Abertura

No Testamento Antigo, julgavam os nossos antepassados que os males que o homem sofria eram sempre um castigo de Deus.

Tanto as desgraças individuais (doenças, ruína económica, morte violenta, etc.) como as coletivas (fome, epidemias, guerras, etc.) eram todas sinal de que Deus tinha virado as costas ao seu povo. Ao contrário, quando uma desgraça se convertia em alegria, quando se superava um desastre, quando a escravidão ou a opressão conhecia a liberdade…, tudo se entendia como sinais de que Deus perdoava e estava de novo de acordo com o seu povo.

Assim, quando o profeta Isaías anunciou que o povo exilado na Babilónia ia alcançar a libertação, entendeu que era Deus que voltava a aproximar-se do seu povo, proclamando que “os olhos dos cegos, tal como os ouvidos dos surdos, se abrirão, o coxo saltará como um veado e a língua do mudo cantará de alegria” (Is 35, 4-7).

Ao tempo de Jesus, a surdez ainda se entendia como consequência do pecado, e do pecado de todos. Não só a surdez. Todas as doenças que aparecem nos Evangelhos representam os males que os homens sofrem por culpa de uma sociedade injusta, organizada contra o plano de Deus. A surdez era um desses males.

E o povo acreditou. Surdo, verdadeiramente surdo, o povo não escutava a verdade dita pelos enviados de Iavé, os profetas.

(Uma paragem para relembrar uma coisa que aqui se explicou há bem pouco tempo: no tempo de Jesus, as pessoas perdiam a audição muito cedo, porque não limpavam o canal auditivo. E não sabiam que a saliva era o melhor que, ao tempo, havia para o fazerem! Por isso Jesus, no Evangelho de hoje “colocou-lhe, ao surdo, os dedos nos ouvidos e, com saliva, tocou-lhe a língua”).

A “um surdo que falava com dificuldade” – conta hoje Marcos – “suplicaram a Jesus que lhe impusesse as mãos” (Mc 7,32).

Por isso não perceberam o que Jesus dizia e fazia.

Em Isaías como nos Evangelhos, as curas e a saúde das pessoas anunciavam o começo de uma libertação mais profunda de todo o povo e de toda a humanidade. A cura do surdo-mudo significava que os discípulos de Jesus tinham ouvidos para ouvir uma Boa Notícia e língua para a anunciar a todos os homens, porque todos somos iguais diante de Deus.

Mas há no nosso mundo surdos que não compreenderam ainda que a cor da pele não divide, que levantar muralhas e cortinas de ferro ou de cimento armado não resolve problema nenhum, que uma sociedade dividida em ricos e pobres, cultos e incultos, cristãos ou muçulmanos, etc., etc., é uma loucura total. O racismo, legalizado ou não, que existe ainda em tantos lugares do planeta, a começar pela periferia das maiores cidades do nosso país, é consequência de um mundo injusto em que a pessoa humana não é o principal valor.

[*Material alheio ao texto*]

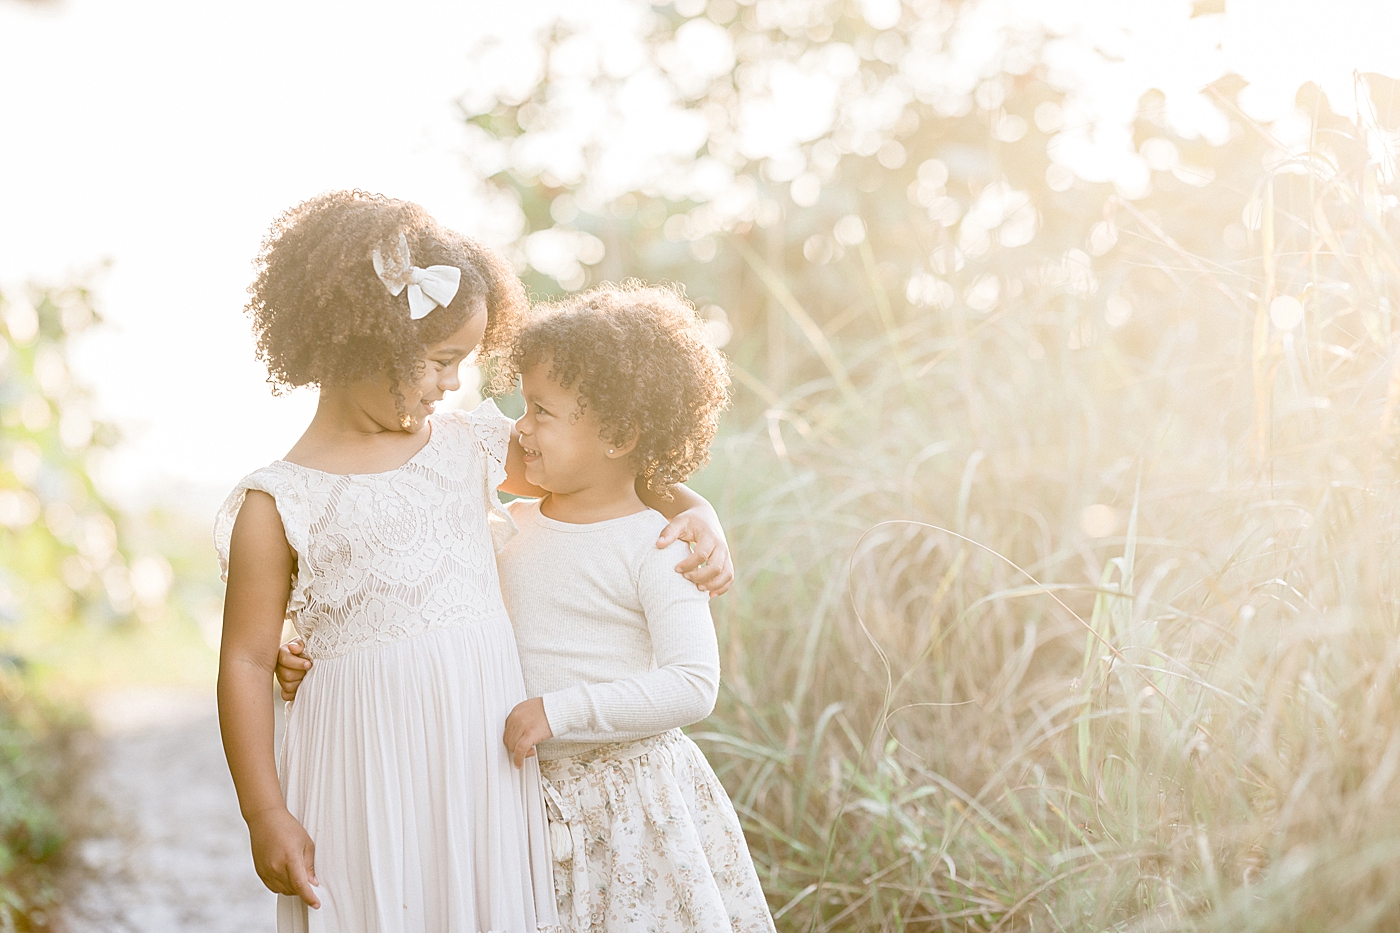 Sisters standing together with their arms around each other. Photo by Brittany Elise Photography.

Jesus abriu os ouvidos de muitos anunciando que a humanidade tem uma meta, histórica e meta-histórica, a fraternidade, e um caminho para a alcançar, a luta pela libertação.

Não só com o que se passa na Europa mediterrânica, mas também no nosso meio. Somos todos muito surdos.

«Cura-nos, Senhor, das feridas da malícia, da ignorância e das feridas da lassidão. E que as tuas obras nos abram as portas do Espírito para a faina dos dias e o louvor das horas!» (José Mourão).